A Large-Deviation Analysis of the Maximum-Likelihood Learning of Markov Tree Structures

TL;DR

This paper analyzes the probability decay rate of errors in maximum-likelihood learning of Markov tree structures, revealing how the error probability diminishes exponentially and how noise impacts learning accuracy.

Contribution

It provides a large-deviation framework for understanding ML-estimation errors in Markov trees and introduces an SNR-based approximation for the error exponent in noisy conditions.

Findings

Error probability decays exponentially with sample size.

The dominant error event involves a non-neighbor node pair replacing a true edge.

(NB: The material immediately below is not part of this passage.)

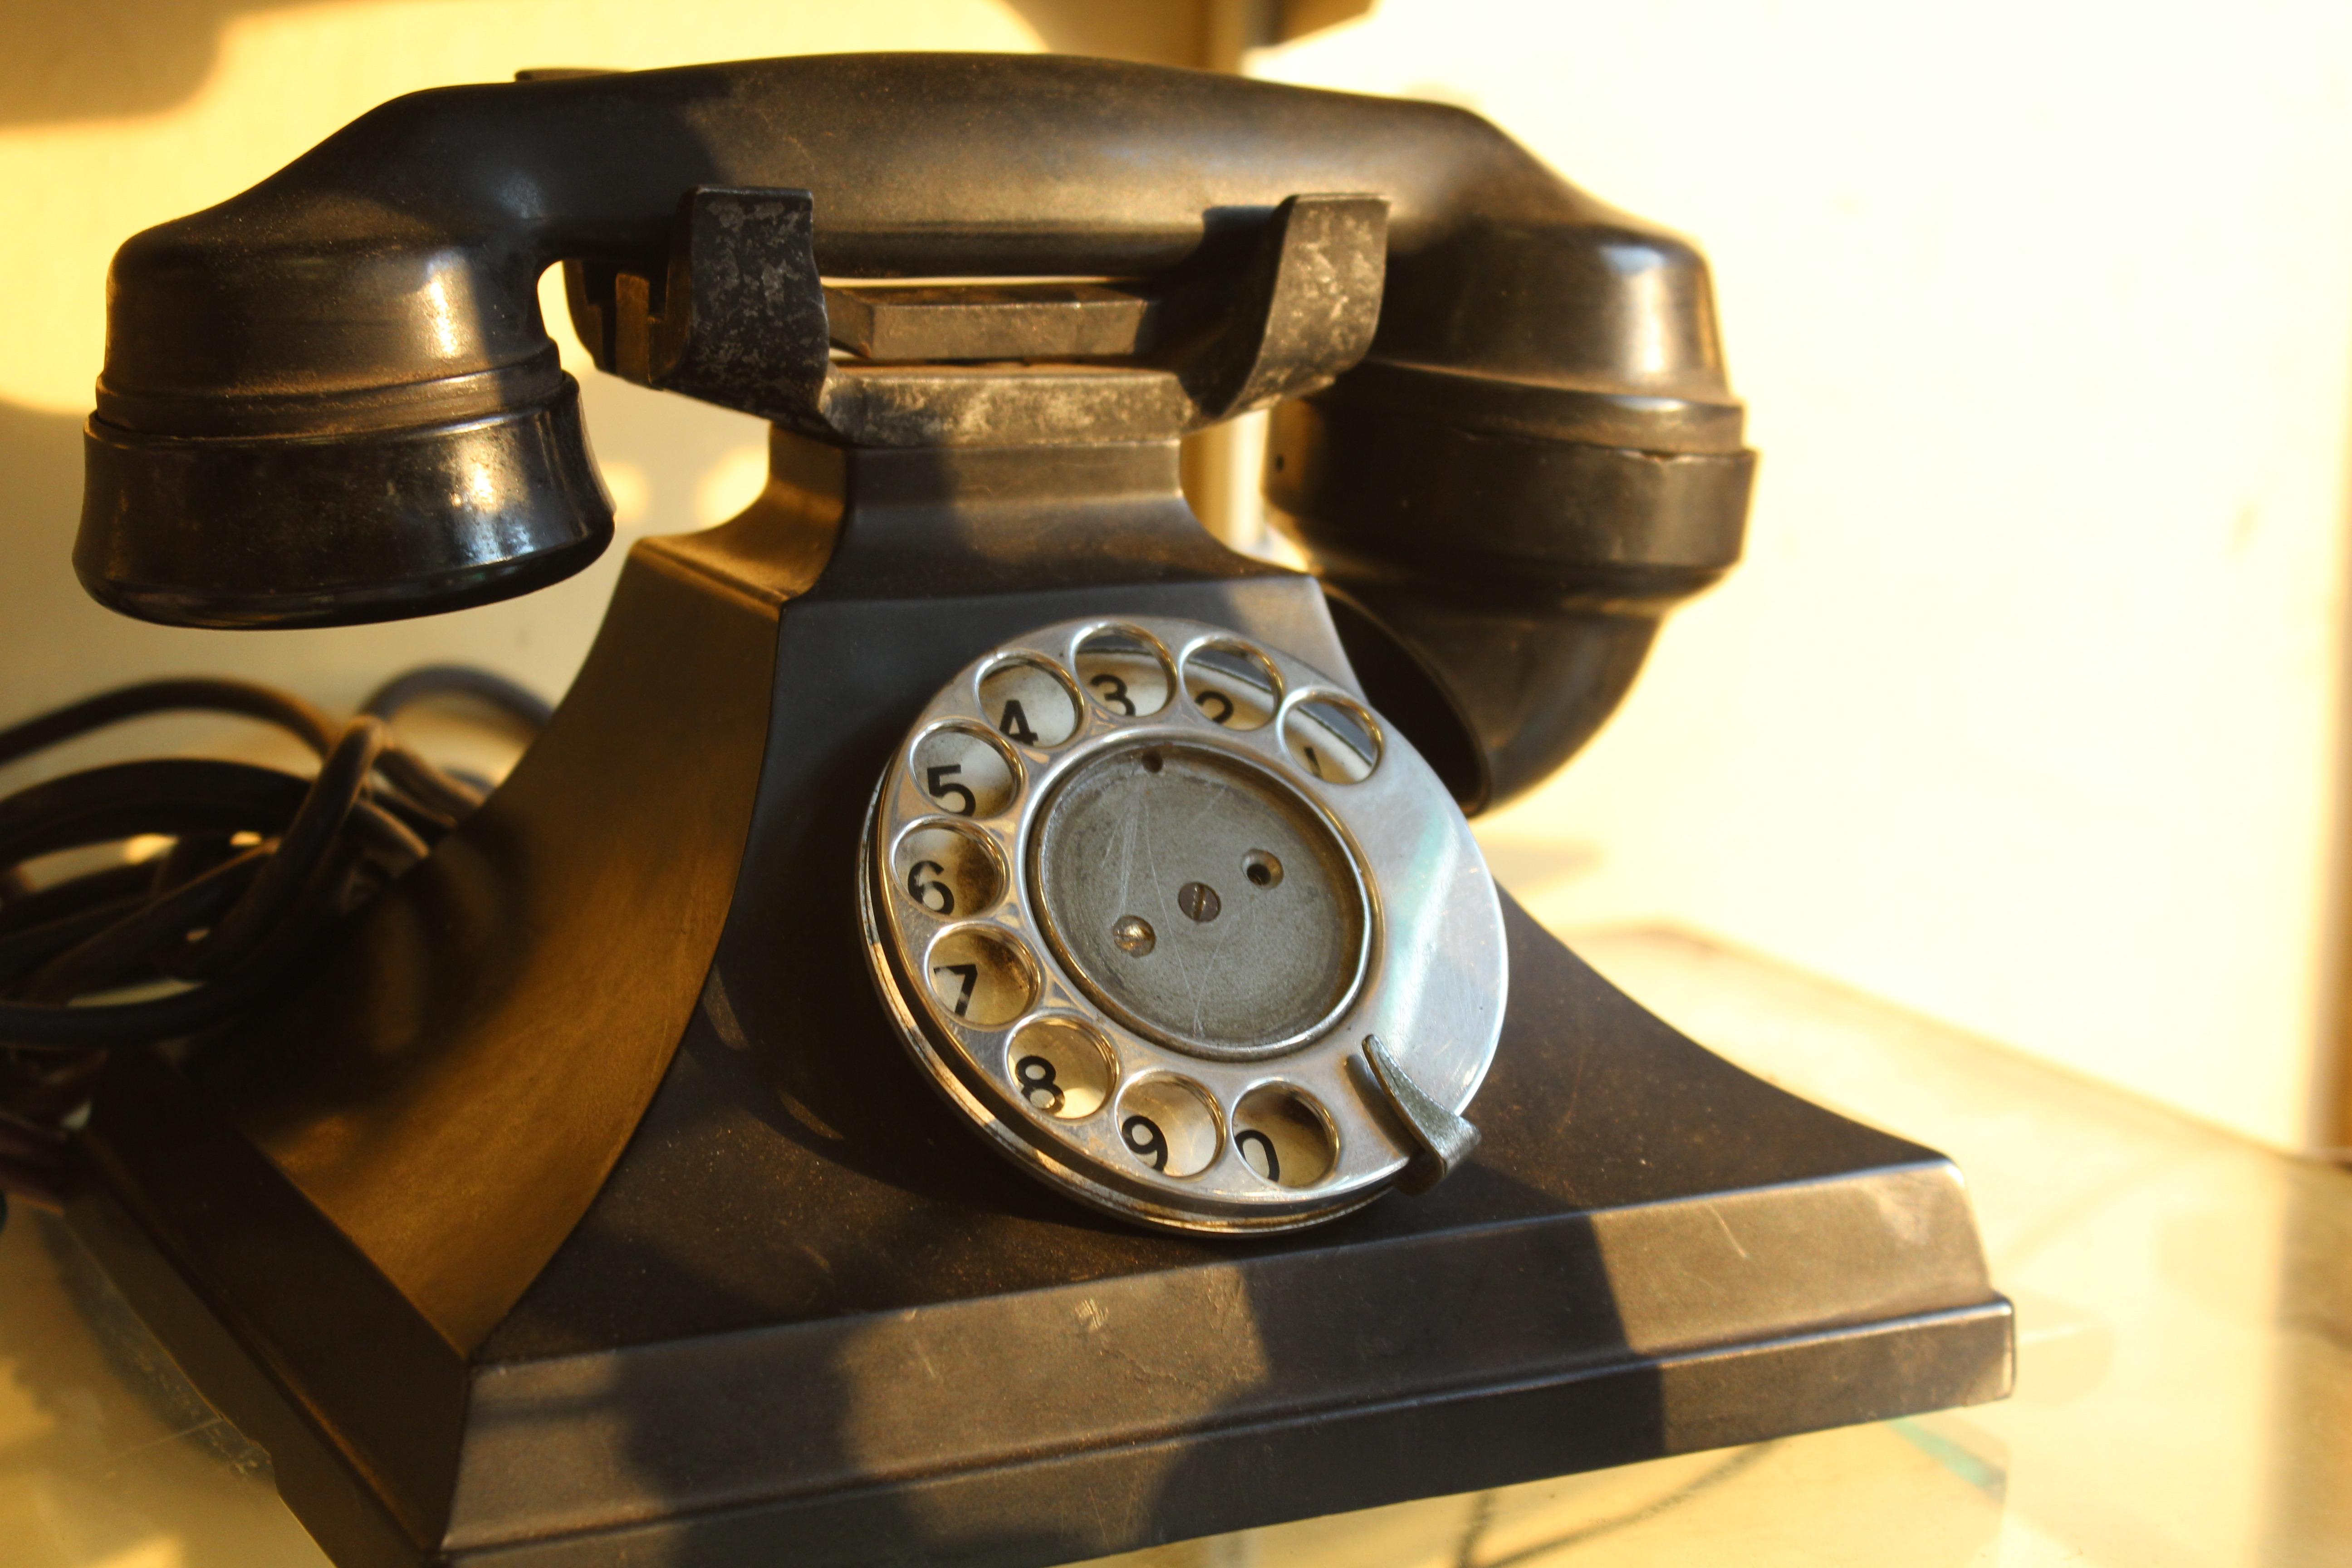 geistheilung ber das telefon wie geht das lebe lieber leicht und frei. Black Bedroom Furniture Sets. Home Design Ideas

SNR approximation accurately predicts error decay in noisy regimes.

Abstract

The problem of maximum-likelihood (ML) estimation of discrete tree-structured distributions is considered. Chow and Liu established that ML-estimation reduces to the construction of a maximum-weight spanning tree using the empirical mutual information quantities as the edge weights. Using the theory of large-deviations, we analyze the exponent associated with the error probability of the event that the ML-estimate of the Markov tree structure differs from the true tree structure, given a set of independently drawn samples. By exploiting the fact that the output of ML-estimation is a tree, we establish that the error exponent is equal to the exponential rate of decay of a single dominant crossover event. We prove that in this dominant crossover event, a non-neighbor node pair replaces a true edge of the distribution that is along the path of edges in the true tree graph connecting the nodes in the non-neighbor pair. Using ideas from Euclidean information theory, we then analyze the scenario of ML-estimation in the very noisy learning regime and show that the error exponent can be approximated as a ratio, which is interpreted as the signal-to-noise ratio (SNR) for learning tree distributions. We show via numerical experiments that in this regime, our SNR approximation is accurate.